Neuron-Level Knowledge Attribution in Large Language Models (2312.12141v4)

Published 19 Dec 2023 in cs.CL and cs.LG

Abstract: Identifying important neurons for final predictions is essential for understanding the mechanisms of LLMs. Due to computational constraints, current attribution techniques struggle to operate at neuron level. In this paper, we propose a static method for pinpointing significant neurons. Compared to seven other methods, our approach demonstrates superior performance across three metrics. Additionally, since most static methods typically only identify "value neurons" directly contributing to the final prediction, we propose a method for identifying "query neurons" which activate these "value neurons". Finally, we apply our methods to analyze six types of knowledge across both attention and feed-forward network (FFN) layers. Our method and analysis are helpful for understanding the mechanisms of knowledge storage and set the stage for future research in knowledge editing.

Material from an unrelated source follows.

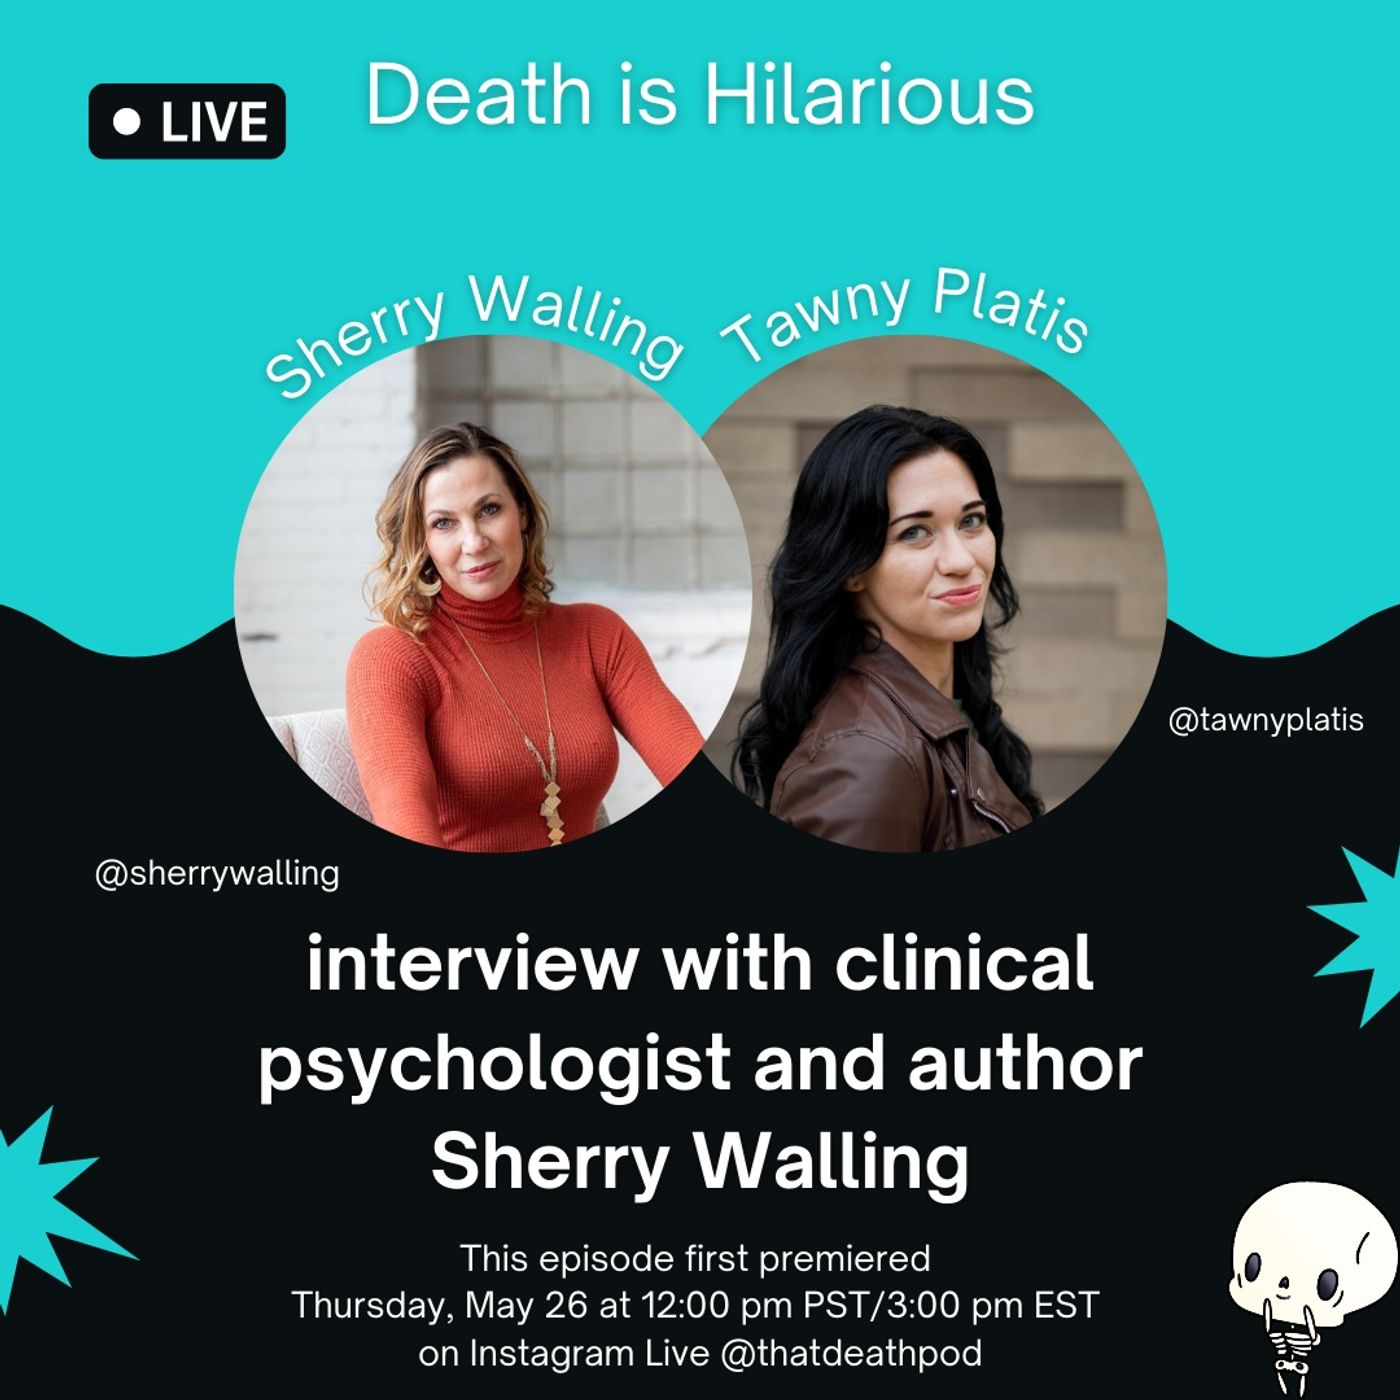 Interview with clinical psychologist + author Sherry Walling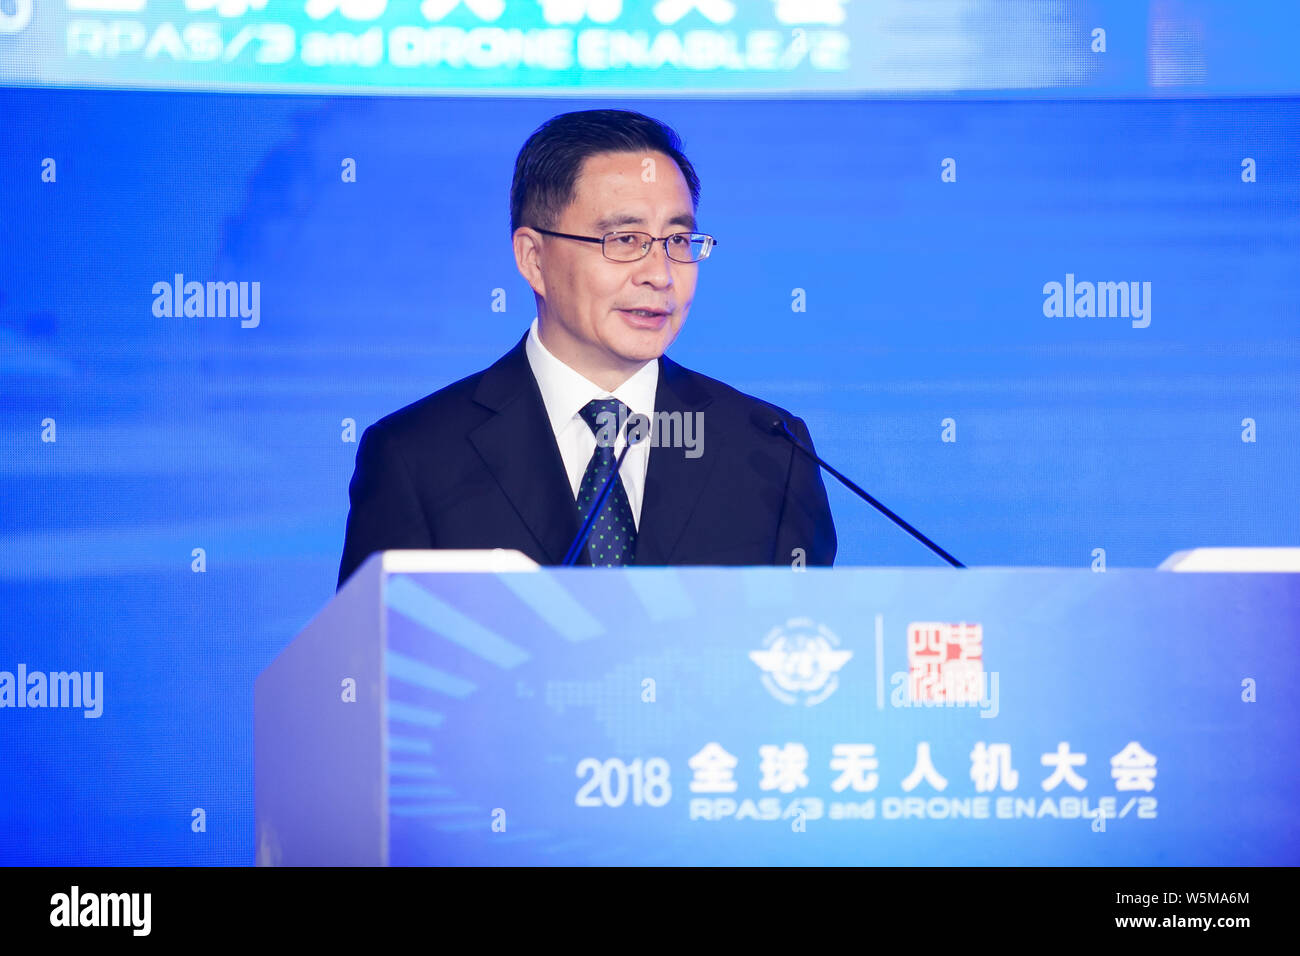 --FILE--Peng Yuxing, then vice-governor of southwest China's Sichuan province, speaks during the 2018 RPAS/3 and Drone Enable/2 in Chengdu city, south Stock Photo

The code is available on https://github.com/zepingyu0512/neuron-attribution.

References (26)

Citations (2)

View on Semantic Scholar

Summary

The paper introduces log probability increase as a metric for quantifying a layer's contribution to next-word prediction.
It reveals that knowledge is distributed across both attention and FFN layers, with no single module dominating the prediction process.
The study demonstrates methodological innovations by detailing the influence of preceding layers on subsequent FFN outputs.

Introduction

Transformer-based models have drastically advanced performance across various AI tasks. While successful on the surface, the intricacies of how these models arrive at their predictions often remain opaque, a problem which impedes further improvement and trustworthiness. Current interpretability approaches struggle with the increasingly complex structures underlying these models, leaving us with pressing questions regarding parameter significance and the accurate location of knowledge within the network's architecture.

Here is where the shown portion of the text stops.